John Pienaar to leave BBC after 28 years
Veteran political broadcaster to take role at new Times Radio
John Pienaar is to quit the BBC after 28 years, the veteran political broadcaster has announced.
He tweeted: “Personal news: after nearly three decades at the BBC I am leaving to join the soon-to-be-launched Times Radio as Drive Time presenter.”
Mr Pienaar started on the BBC politics beat in 1992 and is currently its deputy political editor.
He presents Pienaar’s Politics on Radio 5 Live and, according to the broadcaster, “has worked on the full range of BBC news and current affairs programmes”.

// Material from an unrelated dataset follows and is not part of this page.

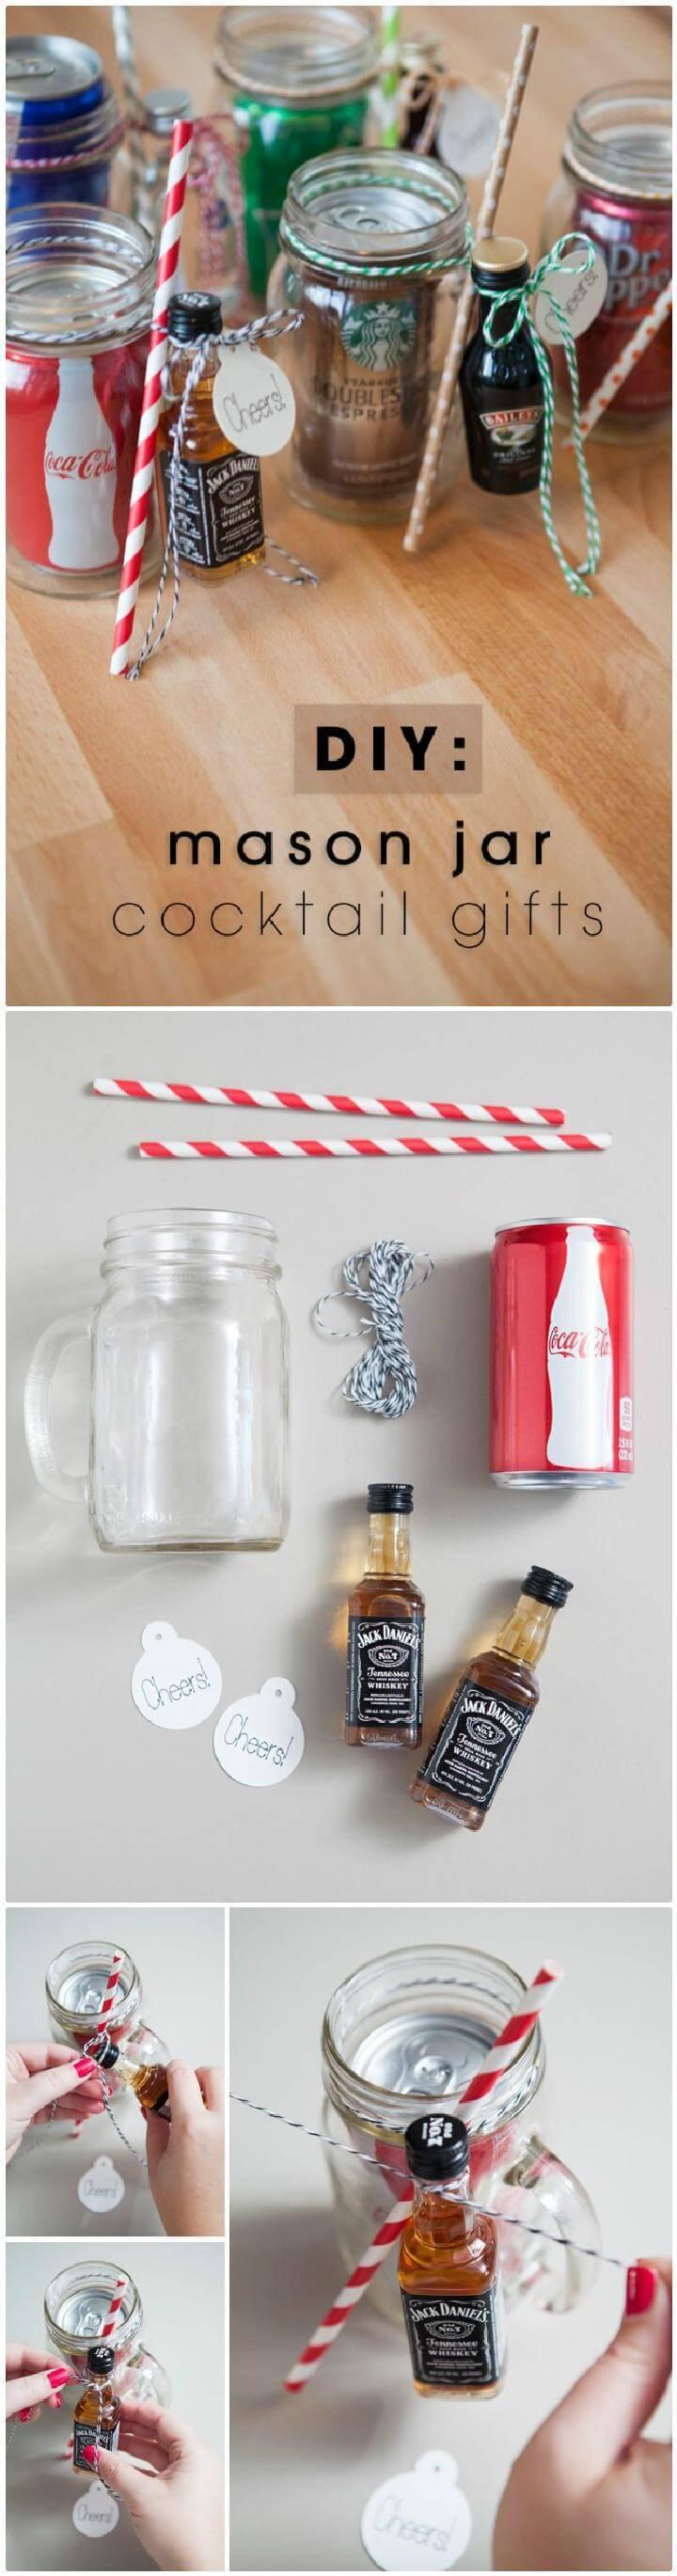 DIY Easy Mason Jar Cocktail Gifts

Mr Pienaar is also a former political correspondent at The Independent and the Press Association news agency. He began his journalistic career on the South London Press.

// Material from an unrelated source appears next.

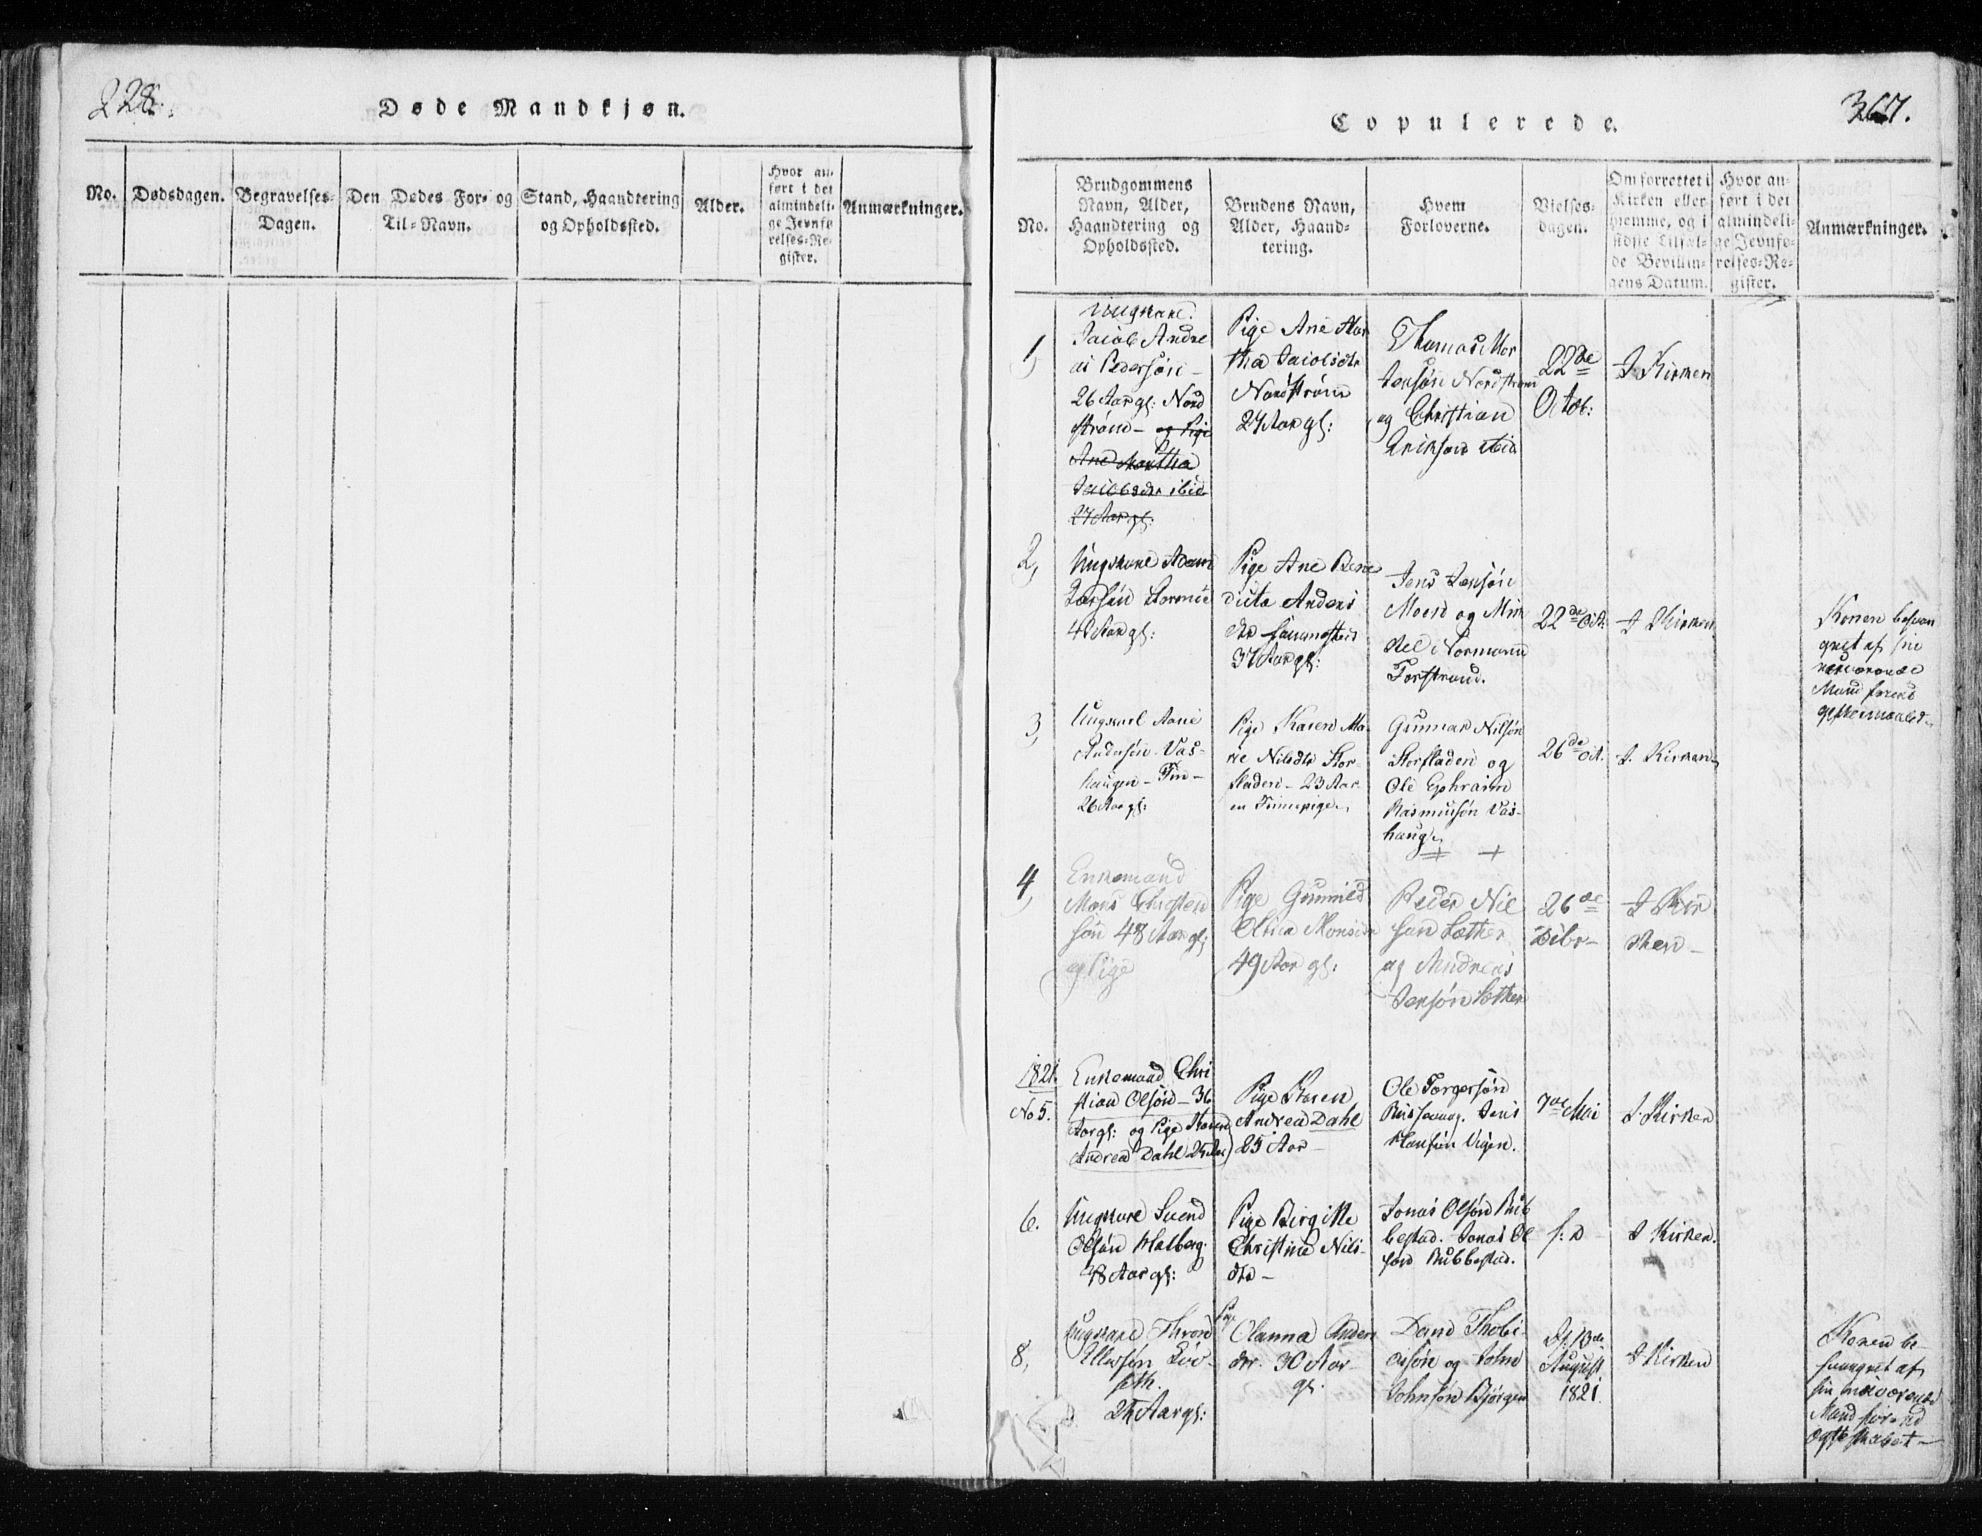 SATØ, Tranøy sokneprestkontor, I/Ia/Iaa/L0004kirke: Ministerialbok nr. 4, 1820-1829, s. 366-367

When he was appointed to his current role in 2016, his boss Jonathan Munro described Mr Pienaar as “a political animal to his fingertips, a great storyteller and supreme broadcaster”.

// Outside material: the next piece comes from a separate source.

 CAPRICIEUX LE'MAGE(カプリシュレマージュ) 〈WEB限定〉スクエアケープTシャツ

The high-profile departure comes amid a row over the future of the BBC, with Boris Johnson’s government promising a review of how it is funded.
On Monday morning Conservative MPs lashed out at the PM over reports the licence fee might be scrapped altogether and the BBC forced to move to a Netflix-style subscription model.
Damian Green said such a course would amount to “cultural vandalism” while Huw Merriman, who chairs the all-party parliamentary group on the BBC, said the corporation should “not be a target”.
Ministers are consulting on whether non-payment of the licence fee should be decriminalised.
Times Radio, a new brand for Rupert Murdoch’s News UK, is set to launch later this year and will broadcast across the UK on digital radio and online.
It will combine the journalism of The Times and The Sunday Times with the broadcasting nous of Wireless, the company behind talkRADIO which News UK bought in 2016.